Horoscopes Yahoo Celebrity

·         Gemini

21/5-21/6

It will be difficult to get a loan or additional line of credit. You’ll have to do the best you can with existing funds. Saving money will take time, so be patient. Fortunately, there are some exciting career opportunities ahead. By pursuing a high profile position, you’ll be able to earn the money for a hefty deposit. Working in a glamorous industry will bring out the best in you.

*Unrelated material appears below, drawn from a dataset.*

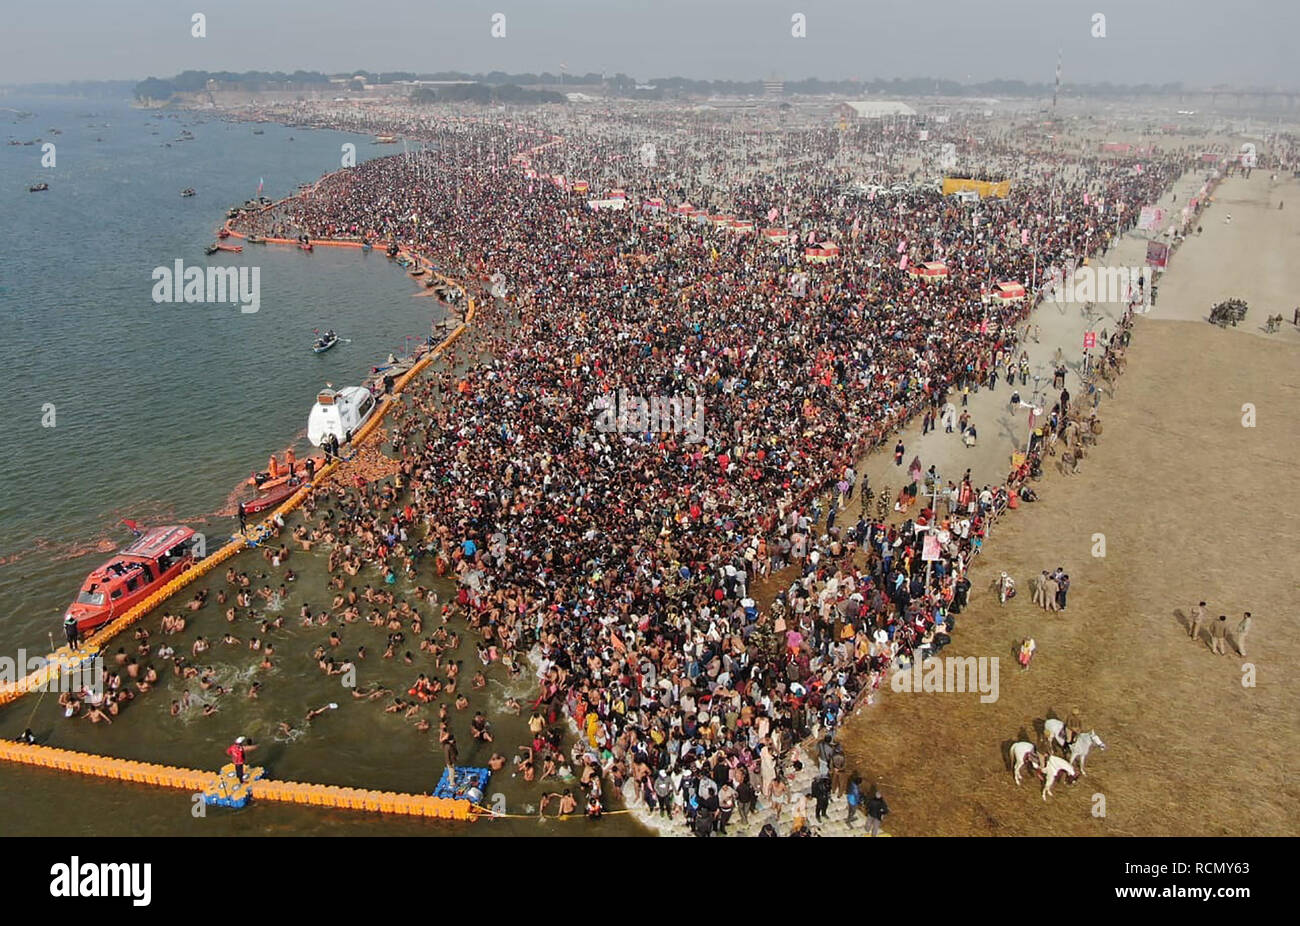 Allahabad, Uttar Pradesh, India. 15th Jan, 2019. Allahabad: A sea of devotees gathered to take bath at Sangam on the occasion of Makar Sankranti, the first Shahi Snan, during Kumbh Mela 2019 in Allahabad (Prayagraj), Tuesday, Jan 15, 2019. Credit: Prabhat Kumar Verma/ZUMA Wire/Alamy Live News Stock Photo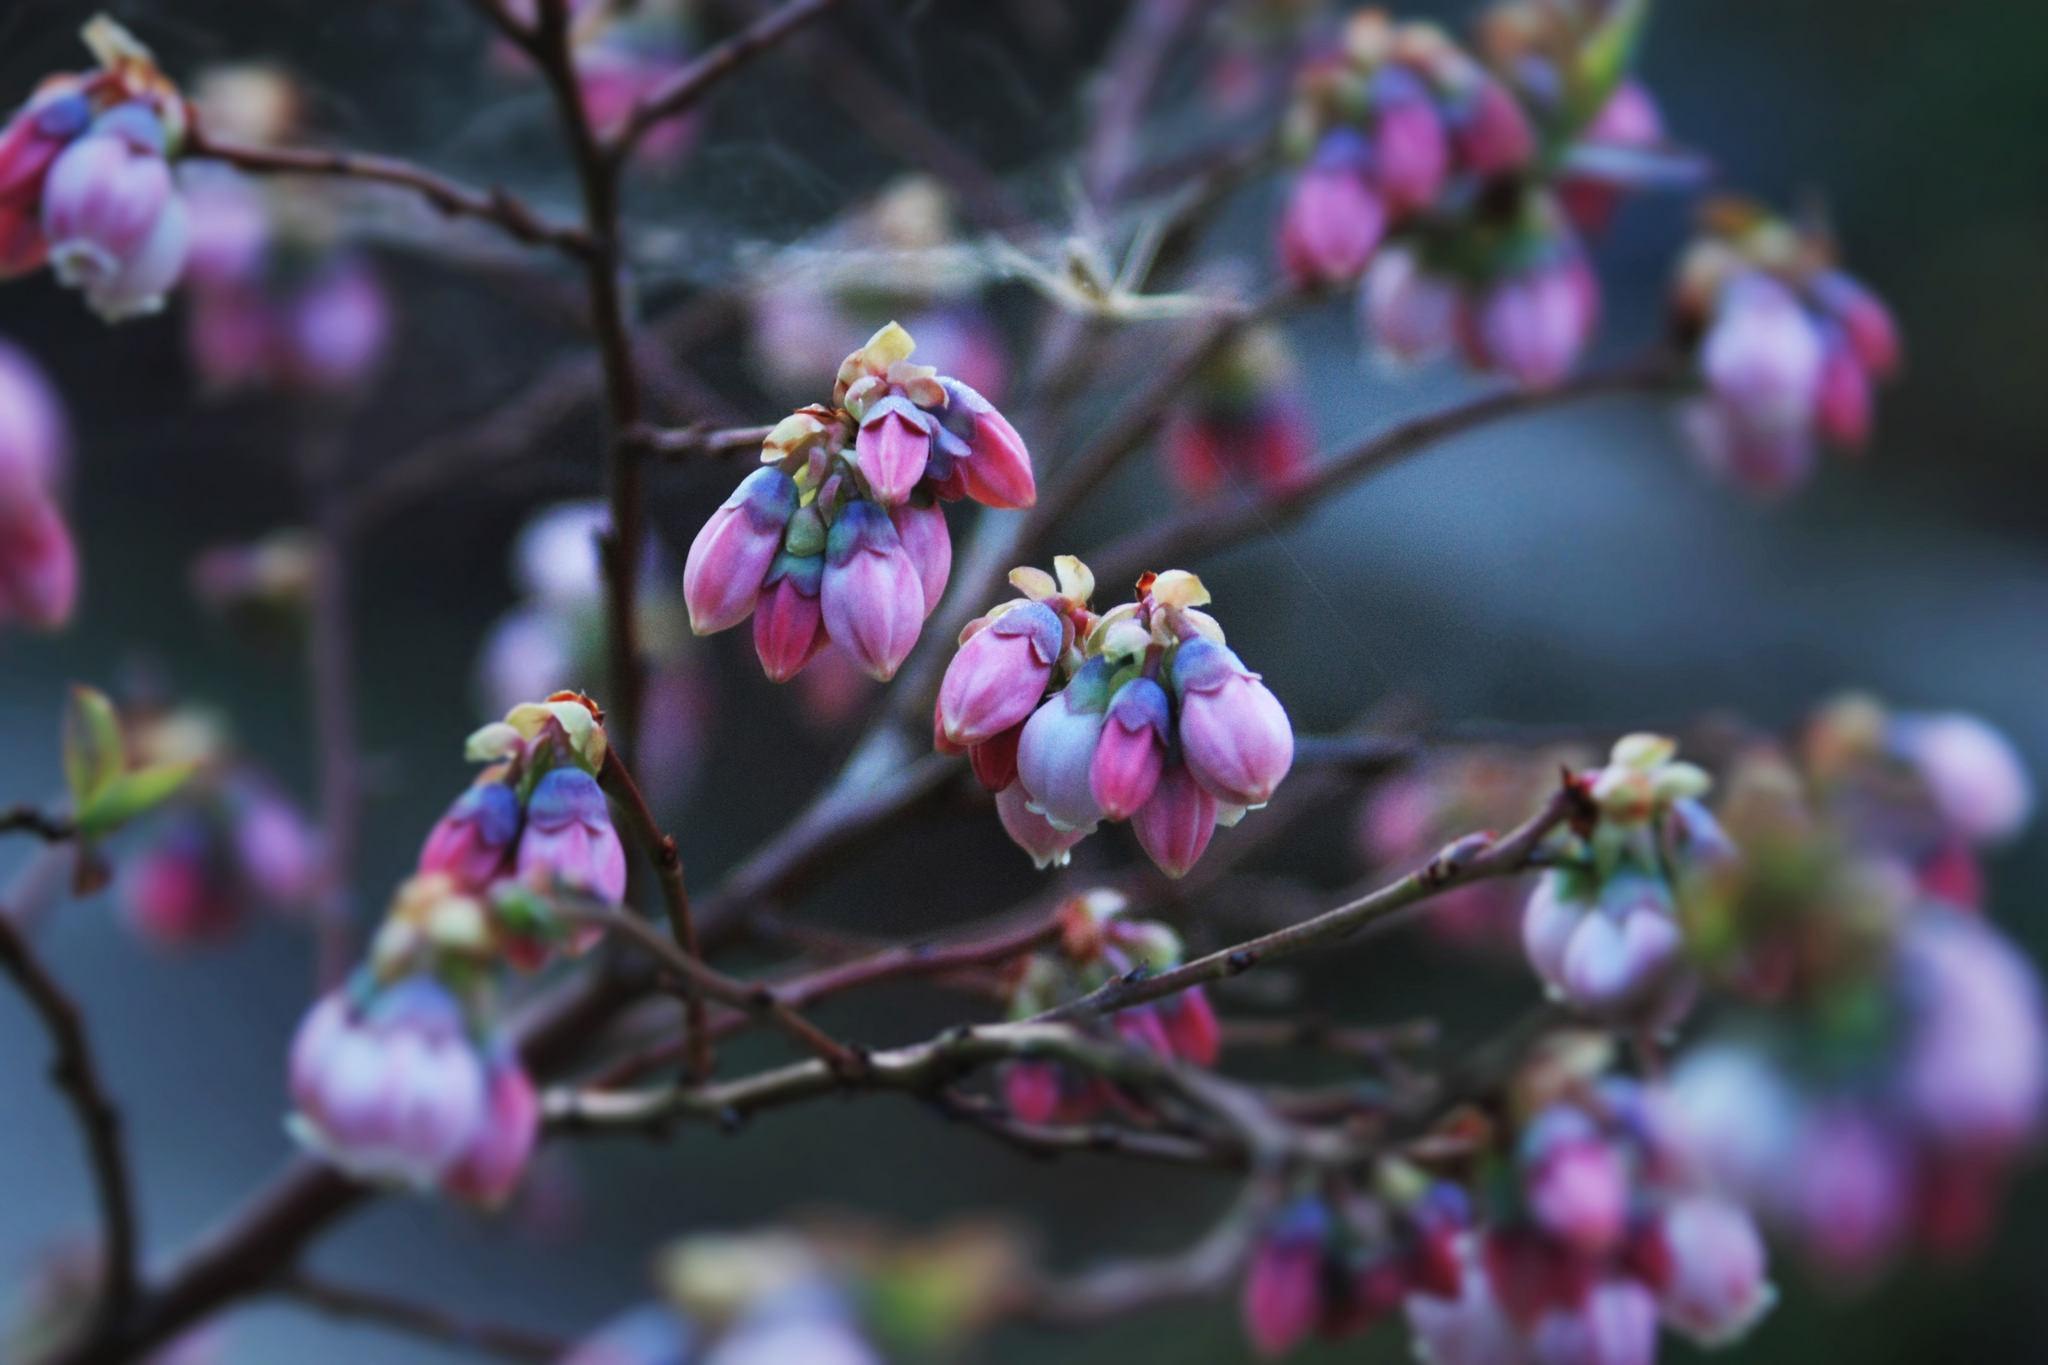 Highbush Blueberry by Kai

You’ll enjoy all the creative challenges such a job affords.

Thought it was amazing that it mentioned loans, credit and savings and a good job.  Like I said, I don’t follow horoscopes but this was worth sharing.  Of course it is only apt to me, to most other people it would mean nothing.  Shows you how you read into things.

For me, getting a loan or credit is not just difficult but impossible!  My credit history is shot to pieces but that is a blessing in disguise as I don’t want any loans.  I am doing well to clear my debt, managed to pay off another £600 this month.  Soon I will be back to zero and start again.  I say soon, about 2 years I think.

That will be a good day, the day I am ‘debt free’!

Each day is another step forward

A major part of being in major debt and dealing with an affair, and the subsequent split/divorce, is that you are always looking to make improvements.  When my life was stable, as in I was happy and with manageable standard debt like credit cards, I just took life as it was.   Having your life largely controlled by external factors doesn’t just change you emotionally, it changes your whole way of acting.

A large part of every week is looking for improvements that will lead to a saving of some sort, small and large savings all help.  Sometimes I get a result, this week I have saved 25% off my council tax yearly bill after the local council conceded that I do in fact live alone.  I have been trying for 2 months to prove this, made difficult by the fact my ex is still on the mortgage and electoral role.  A fact that is changing next year by the way.   A fantastic saving though that will help me enormously.

This is another example though of a saving that helps not just me, but my children.  Every extra penny gives us a better life, or as better a life as I can give them.

My competition entering continues to go well, another 3 kids prizes won this week.  Makes the effort worth it.

I often wonder where my week has gone.  I spend the week working, being a dad, entering competitions, following up ways to get in extra money (PPI claims, Financial Ombudsman are 2 good examples), and online shopping around.  Oh and Ebay, a way of making money and finding things you want at a fraction of the cost.

I do hate it though, I would love a life of not having to do this.  It takes a lot of work, but the rewards make it worth doing.  Perhaps I miss out some things I like but not all, and at least I get my children 4 nights a week.

I read a lot of other debt related blogs, and I know they read this one.   The biggest fact I had to learn quickly was not to sit and break down.  It is unlikely you will ever get out of it by sitting and praying for a miracle, so look for ways to make it better.   Savings and advice will always help.  You might not like some of things you have to do, for example my Insolvency decision, but if it can you through the other side then never worry about people’s opinions.

You can never stop feeling ashamed by your situation, just don’t dwell in it.